Urteil vom - Az: 5 Sa 397/14

Wahrung einer zweistufigen Ausschlussfrist bei Klagezustellung nach Fristablauf

1. Wird in einer Verfallklausel vertraglich vereinbart, dass Ansprüche aus einem Arbeitsverhältnis binnen einer bestimmten Frist einzuklagen sind, ist, wenn kein abweichender Wille der Parteien erkennbar ist, regelmäßig davon auszugehen, dass die Frist nach der in § 167 ZPO aufgestellten Regel eingehalten werden kann.
(Leitsatz)

(2.) Demnach ist für die Einhaltung einer vertraglichen Klagefrist (lediglich) vonnöten, dass die betreffende Klage innerhalb der Frist eingereicht und "demnächst" zugestellt wird. Nicht notwendig ist also die Zustellung der Klage innerhalb der vertraglichen Verfallsfrist.
(Orientierungssatz)

Tenor

1. Die Berufung der Beklagten gegen das Endurteil des Arbeitsgerichts München vom 29.04.2014 - Az. 14 Ca 13434/13 - wird kostenpflichtig zurückgewiesen.

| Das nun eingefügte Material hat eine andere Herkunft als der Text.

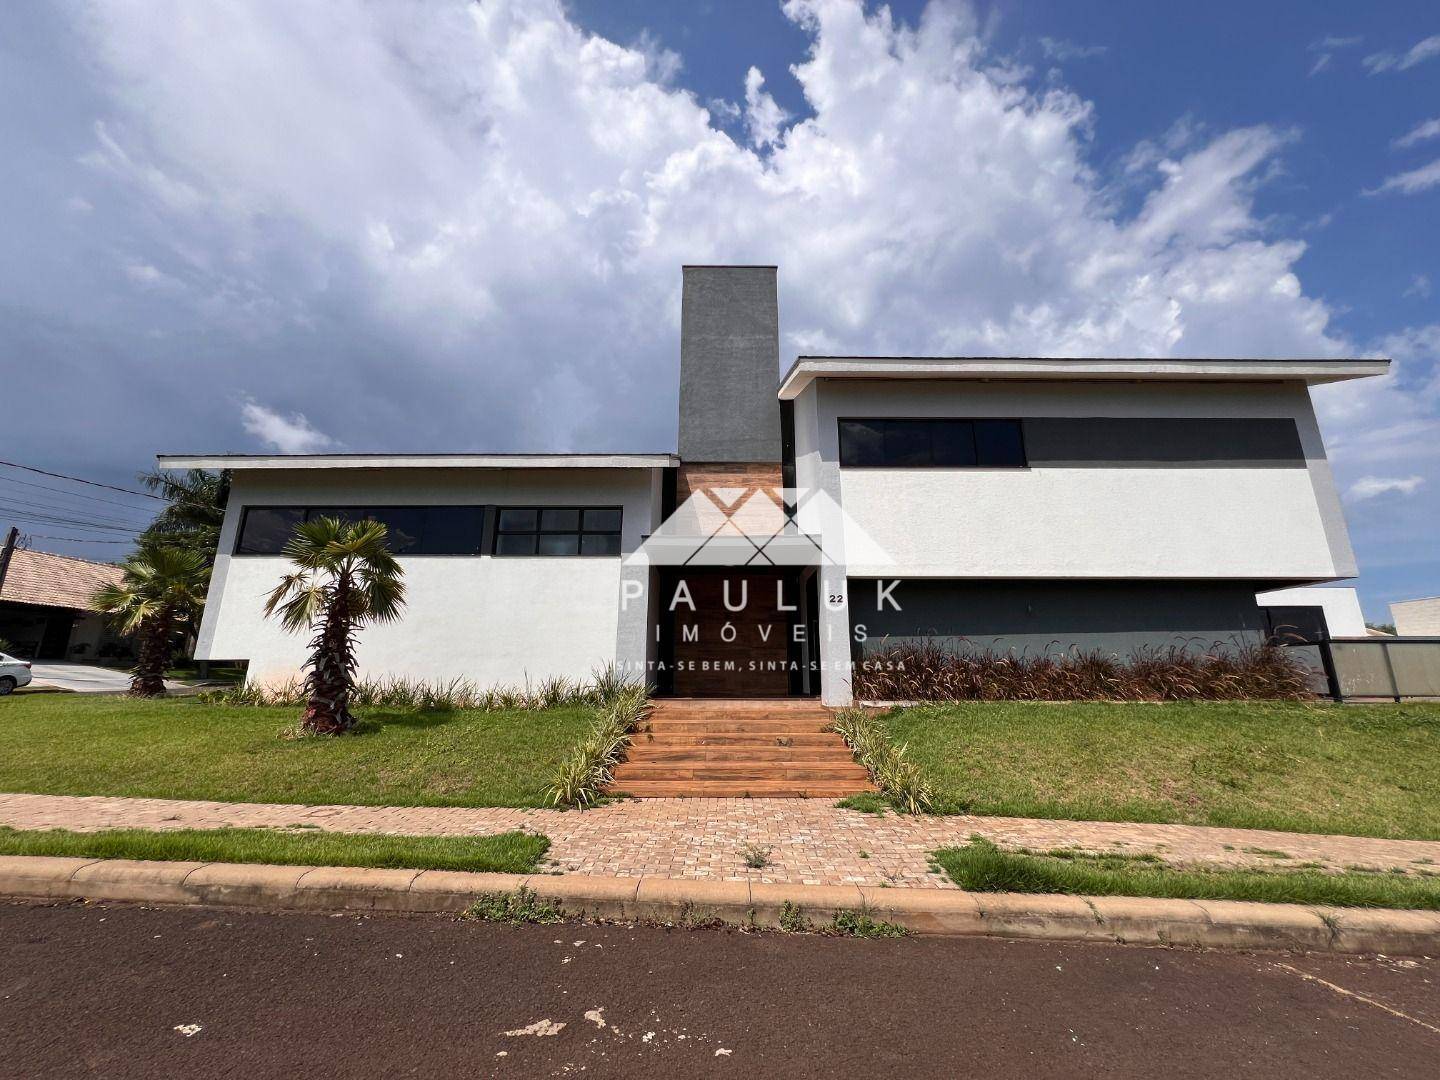 Sobrado com 5 Dormitórios Sendo 4 Suítes à venda Por R$ 2.600.000 - Condomínio Residencial Central P | PAULUK IMÓVEIS | Portal OBusca

2. Die Revision wird für die Beklagte zugelassen.

Tatbestand

Die Parteien, deren Arbeitsverhältnis beendet ist, streiten darüber, ob der klägerische Anspruch auf eine variable Vergütung für das Jahr 2012 nach einer arbeitsvertraglichen Verfallklausel entfallen ist.

Der Kläger war bei der Beklagten als Vertriebsleiter beschäftigt. Das Arbeitsverhältnis endete nach Maßgabe des Abwicklungsvertrages vom 08.11.2013 (Anl. K 10, Bl. 48 ff. d. A.) aufgrund ordentlicher betriebsbedingter Kündigung mit Ablauf des 31.01.2014. In § 8 des Abwicklungsvertrages vereinbarten die Parteien eine Erledigungsklausel und nahmen hiervon ausdrücklich die Provisionsansprüche 2012 aus.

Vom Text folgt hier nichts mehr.